Formal monogamous marriages are the norm among middle-class Haitians, who primarily reside in metropolitan areas and are of the Christian faith. Church wedding ceremonies or the legal exchange of vows in a court of competent jurisdiction are the most common types of middle-class marriages in the United States.
Husbands typically assist their spouses with childcare and other household responsibilities, mainly when both the husband and wife are employed full-time or part-time.
The arrival of Protestant churches in Haiti in the latter half of the twentieth century has encouraged legal unions between couples from all socioeconomic backgrounds, including the urban poor and middle class, by providing affordable church weddings for members of these churches.
For hundreds of years, the elite upper-class Haitians, primarily mulattoes, have imitated the French way of doing things in their daily lives.
They live in the same manner as the French, speak the French language at home and at work, and have embraced the French marital conventions and practices in their relationships.
Civil or religious marriage was considered the standard, and the “best” families could trace their legal weddings back to the nineteenth century or even further.
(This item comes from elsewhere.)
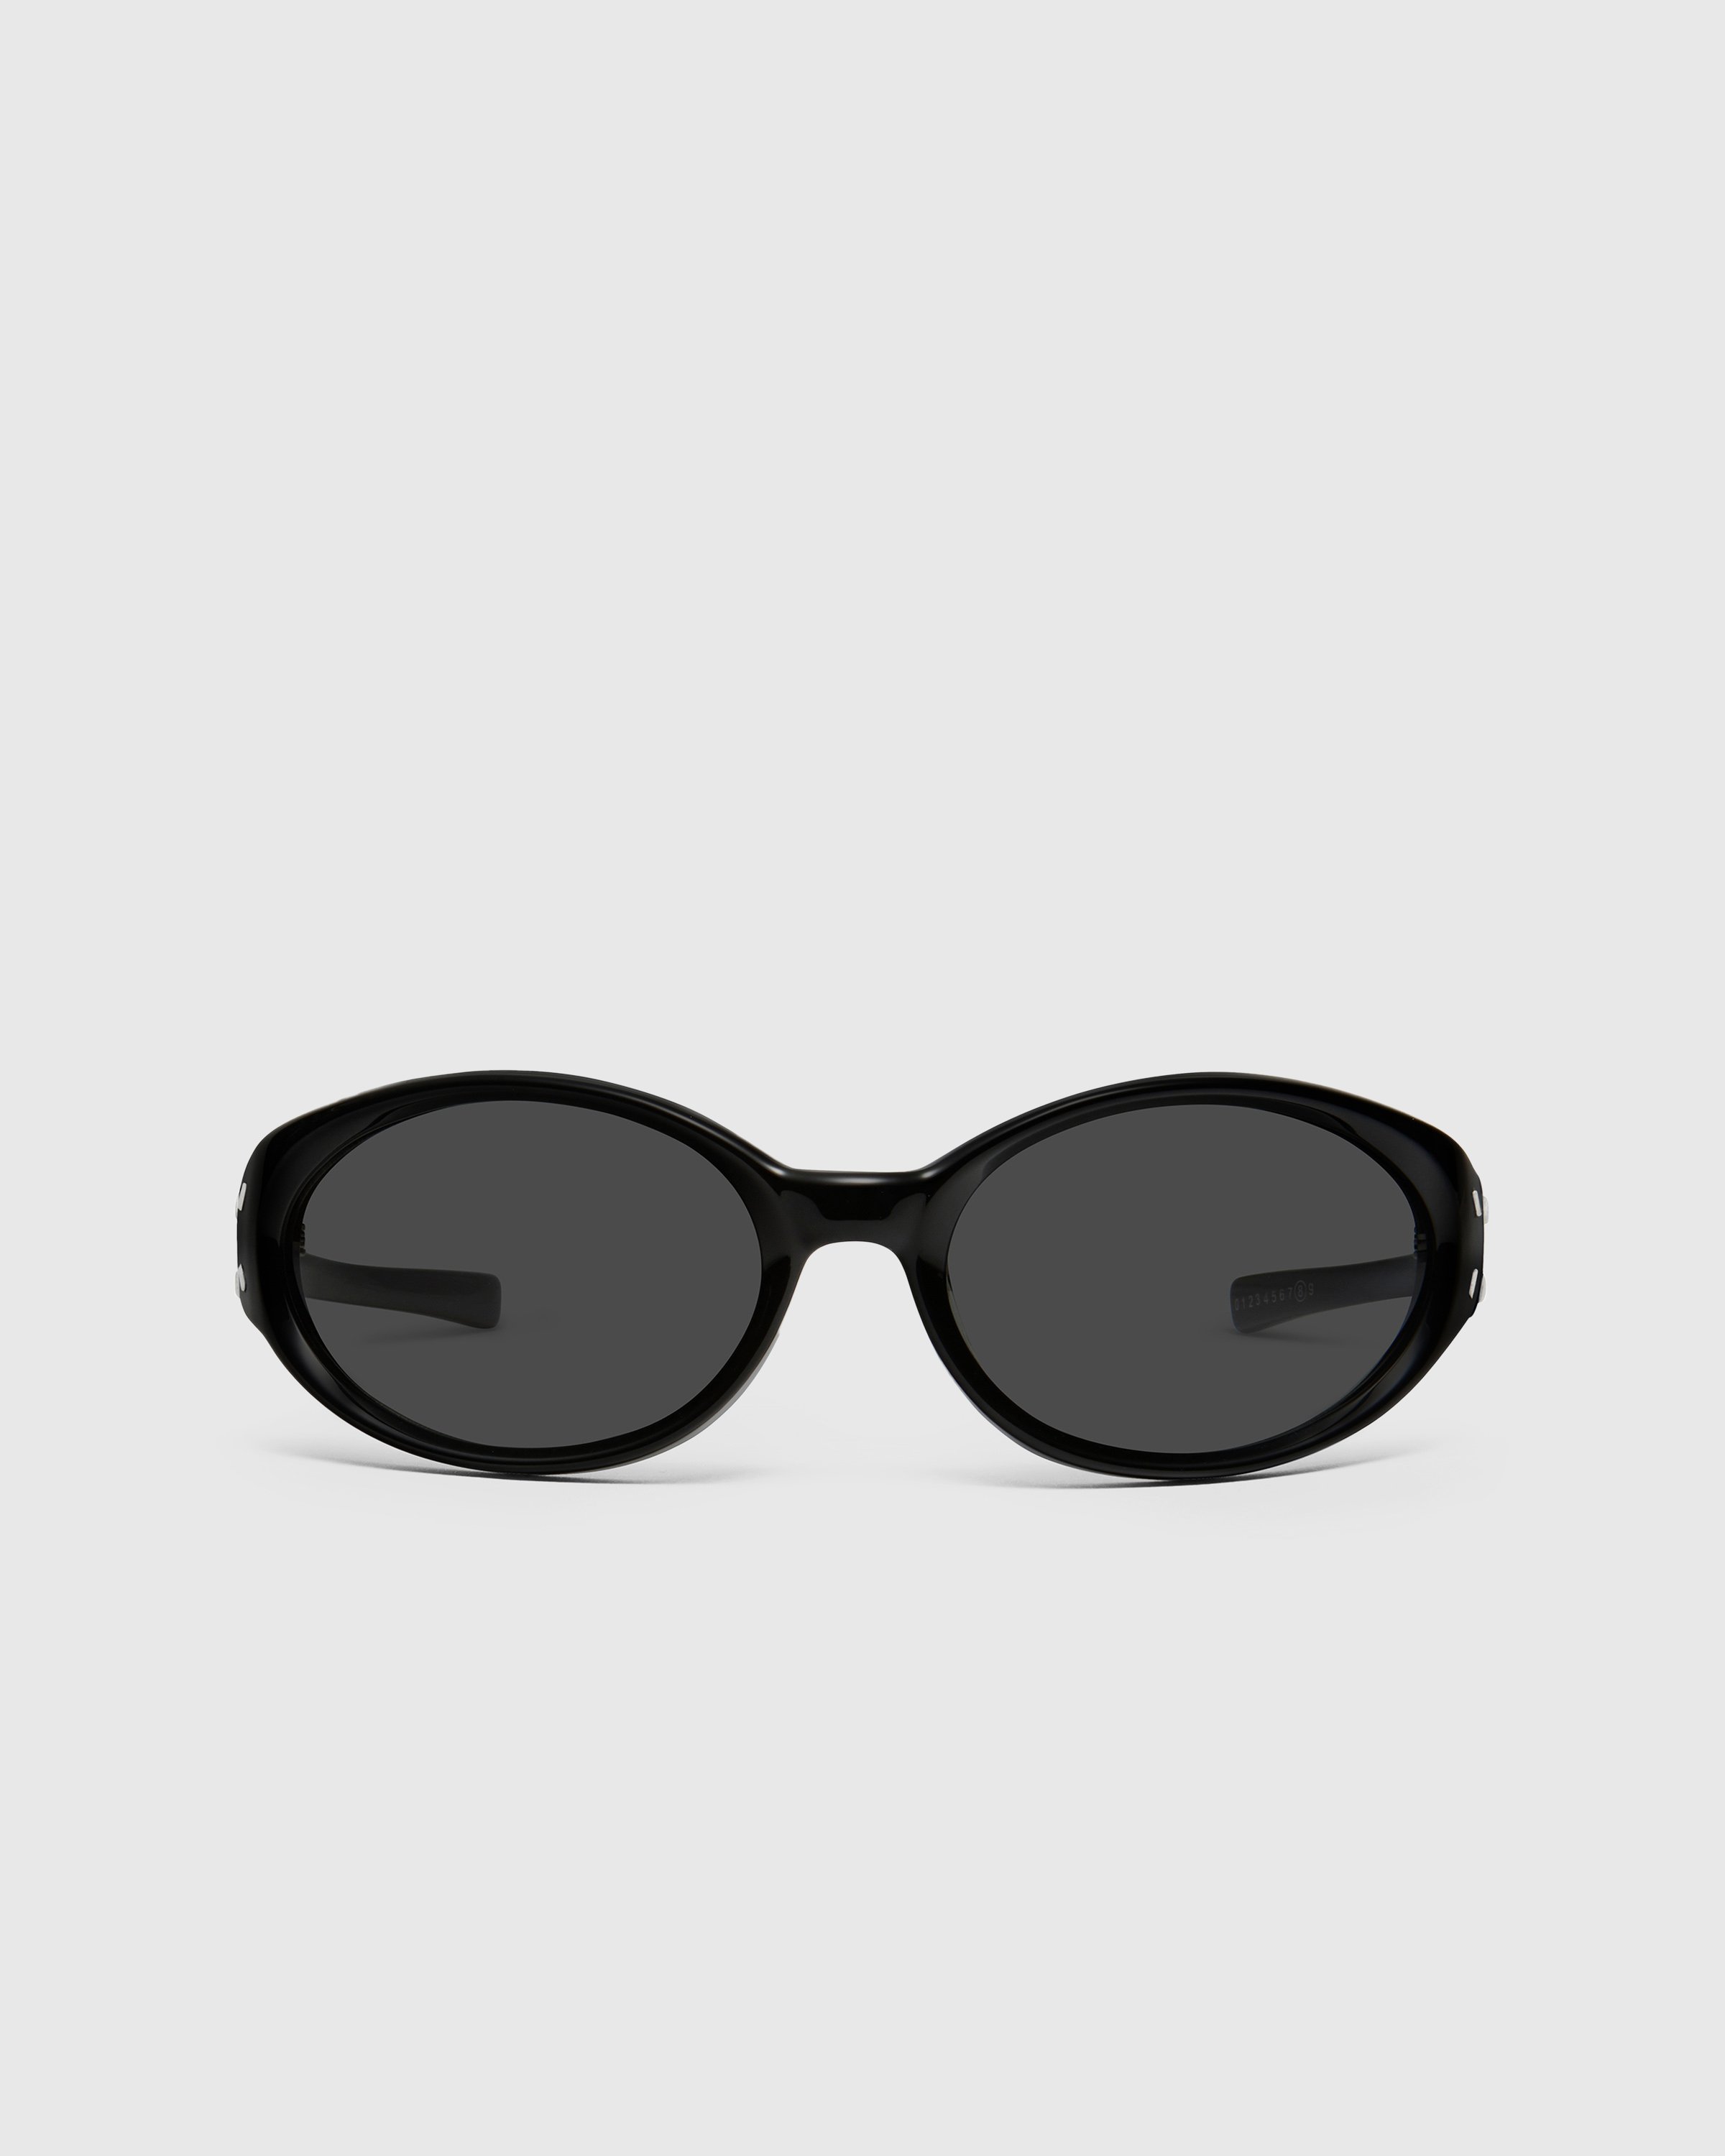 Maison Margiela x Gentle Monster - Sunglasses MM104-01 - Accessories - Black - Image 1

It used to be that the “best” households would arrange courtships between eligible spinsters and eligible bachelors. Because of this, it was usual for mulatto elite families to be intertwined, with cousins marrying their cousins.
The husband used to leave the house to work in a paid job or run the family company, leaving the wife to care for the household and children, surrounded by servants at the time.
Immigration from Europe and the changing economic conditions in Haiti are causing changes in the top-elite of the country’s elite upper class.
It is currently typical for upper-class females to take on a paid job while their husbands share responsibility for the family’s upkeep.